Syndicated columnist Leonard Pitts Jr., recipient of the 2021 Elijah Parish Lovejoy Award, pointed to the 19th-century anti-slavery journalist as an example of someone who acted with courage for the betterment of mankind and not in self-interest.
Lovejoy, a Maine native, was killed in Alton, Ill., in 1837 as he defended his newspaper’s press from a mob inflamed by his repeated condemnation of slavery.
“He laid it all on the line,” Pitts said in an interview marking the award Tuesday. “… He did it for a cause that he had no firsthand involvement in. He wasn’t enslaved. He was unlikely to be enslaved. He was a white guy. … This vindicates my feeling that the issue is not about self-interest. It’s about the larger human tribe, about who is being oppressed, who is being stepped on, who is being suppressed in their voting.
“Each of us,” he said, “has an obligation to whoever it is in our human family that is in need and is being left out. … We all have an obligation to that person.”

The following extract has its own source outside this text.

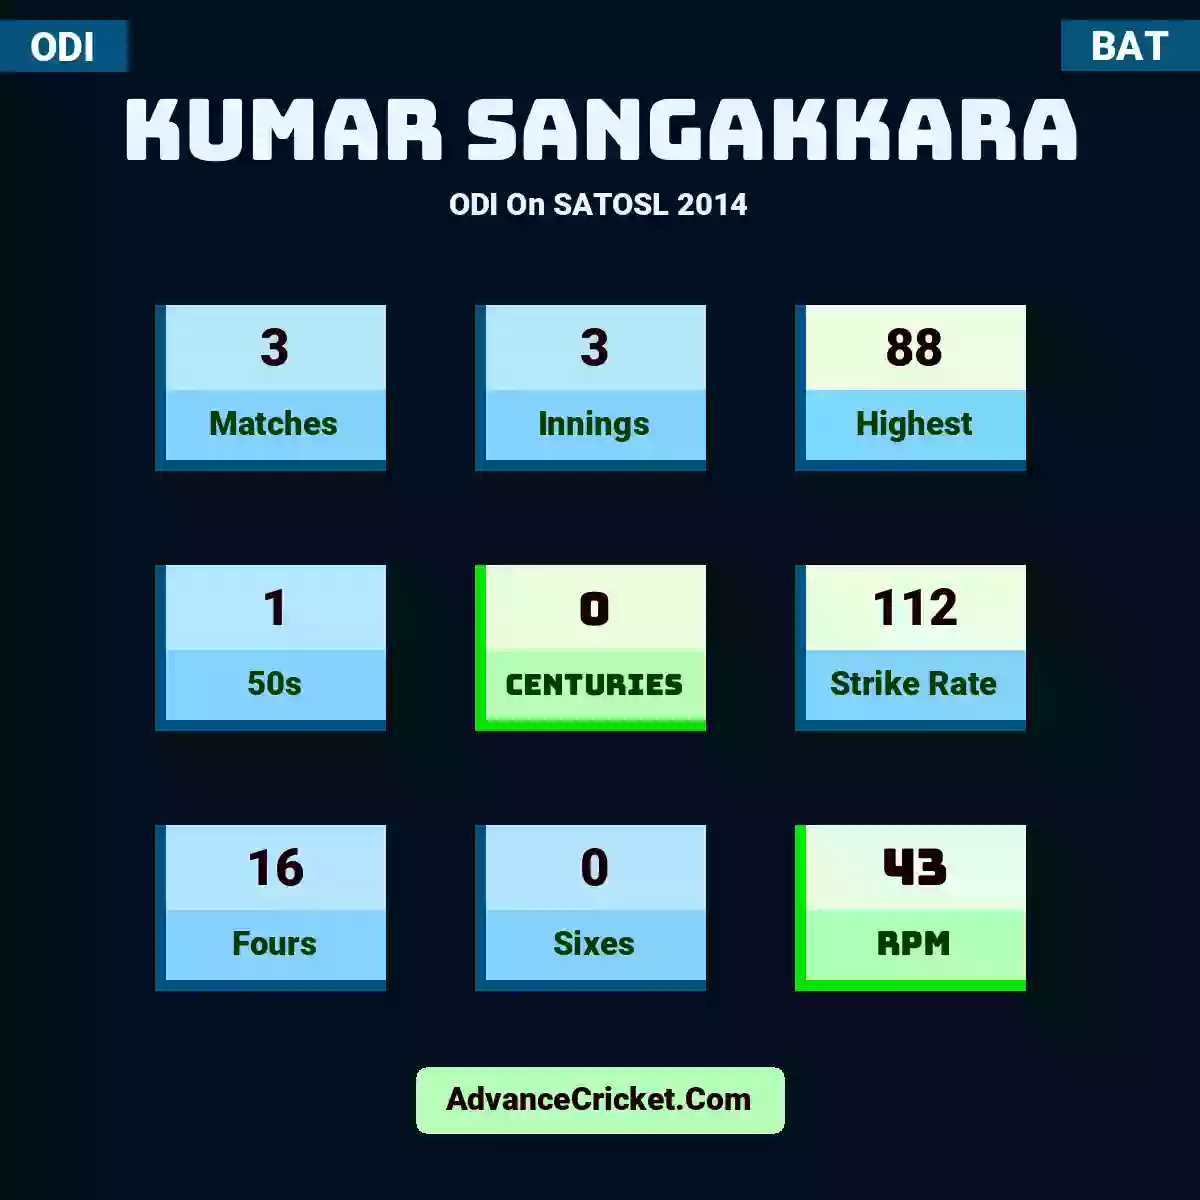 Kumar Sangakkara ODI  On SATOSL 2014, Kumar Sangakkara played 3 matches, scored 88 runs as highest, 1 half-centuries, and 0 centuries, with a strike rate of 112. K.Sangakkara hit 16 fours and 0 sixes, with an RPM of 43.

Pitts was introduced by President David A. Greene, who connected the work of the Miami Herald columnist to his 19th-century predecessor. Lovejoy’s persistent protests, Greene said, might seem like something from the distant past, but the world remains “a place of persistent inequality, violence, and cruelty. The evidence of that is with us every day,” he said. “I join many others in asking myself how I am complicit, how I benefit from racism, and what I can do to make the world more just.”

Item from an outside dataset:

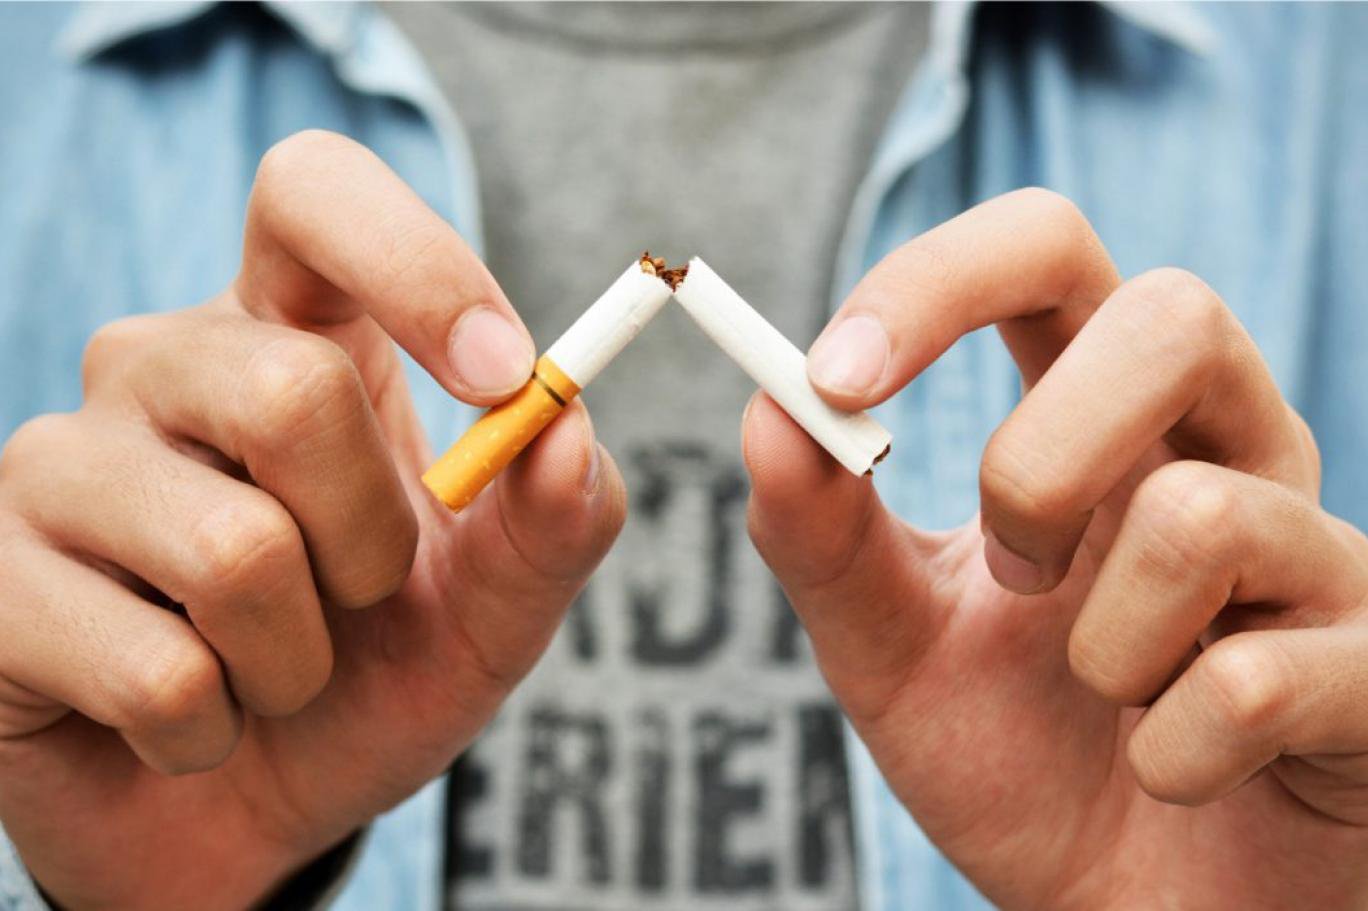 Cai thuốc lá mất bao lâu và những thay đổi của cơ thể khi cai nghiện

For Pitts, whose writings on race have made him, like Lovejoy, the target of threats over his 45-year career, there is a need to act, not out of fear, but out of commitment to the ideal of America and the unifying principles that are its foundation. “What is it that binds us?” Pitts asked, in response to former Miami Herald editor Mindy Marqués, a member of Colby’s Lovejoy Award Selection Committee who joined Pitts in conversation for the live-streamed event. “What makes us a country? And I submit that it should be this sense of national mission.”
The oft-repeated words used to describe the pillars of the new country at the time of its formation—liberty and justice for all, that all men and women are created equal—must be put into action, he said, if we are to be motivated less by fear and more by hope. “I think we’ve got to figure out a way to get people to want to move based on American ideals,” Pitts said.
Today’s political climate, marked by what he called “the anti-fact movement,” is an obstacle to real discussion of issues where opinions may differ. Better teaching of media literacy, civics, and critical thinking is crucial to preparing citizens for the America of the future, and much of that work must be done by people who won’t see the fruits of their labors.
Pitts cited a proverb, “A society grows great when old men plant trees whose shade they’ll never sit in.”
“Where is the investment in doing something that is not for me and now, but for … my kids and my kids’ kids?” he said. “There seems to be so much short-sightedness and fear governing so much of what we do.”